Plans’ interest in boosting ratings is widespread enough to fuel a niche consulting business. The consulting arm of OptumInsight, a subsidiary of UnitedHealth Group, for instance, says it has picked up 35 health plan clients seeking star-related services. “As soon as you start attaching some money to it, it’s amazing,” said Steve Wood, an Optum management consultant.
In some markets, the star ratings could boost underdogs. Houston-based KelseyCare Advantage, a Medicare plan affiliated with the Kelsey-Seybold Clinic, is on the cusp of a five-star rating. In membership, though, it trails TexanPlus, a Medicare plan operated by the publicly-traded Universal American Corporation, that has 50,000 members – twice as many as KelseyCare. But TexanPlus has only 3.5 stars this year.

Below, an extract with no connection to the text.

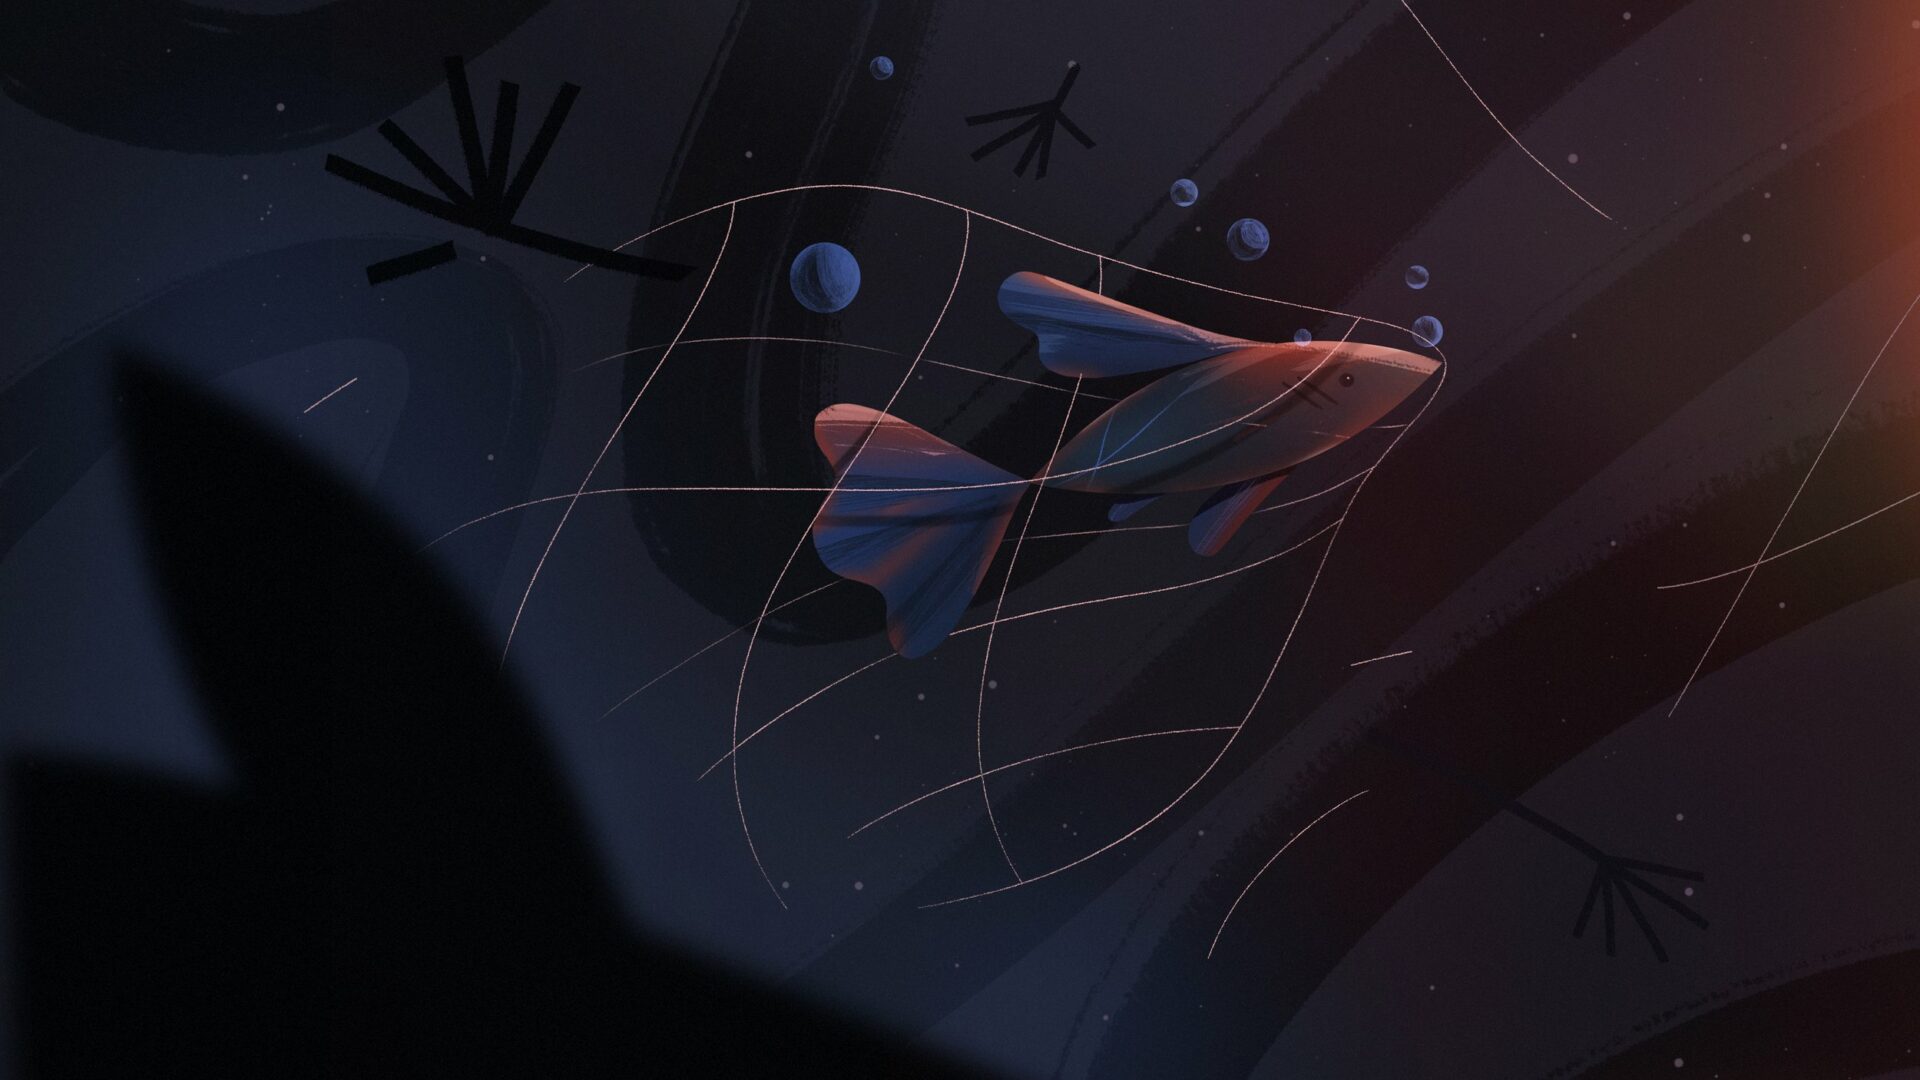 Between Lines is a Poetic Thoughtful Animated Short by Sarah Beth Morgan 4

KelseyCare President Marnie Matheny is hoping to achieve five stars – and a marketing edge that could level the playing field with a competitor who can do things like rent out the Reliant Center for a Wii bowling tournament to attract customers.
“It will be huge for us,” said Matheny. When patients see “there’s no one else in the market [with five stars], they’ll think there’s something special about KelseyCare.”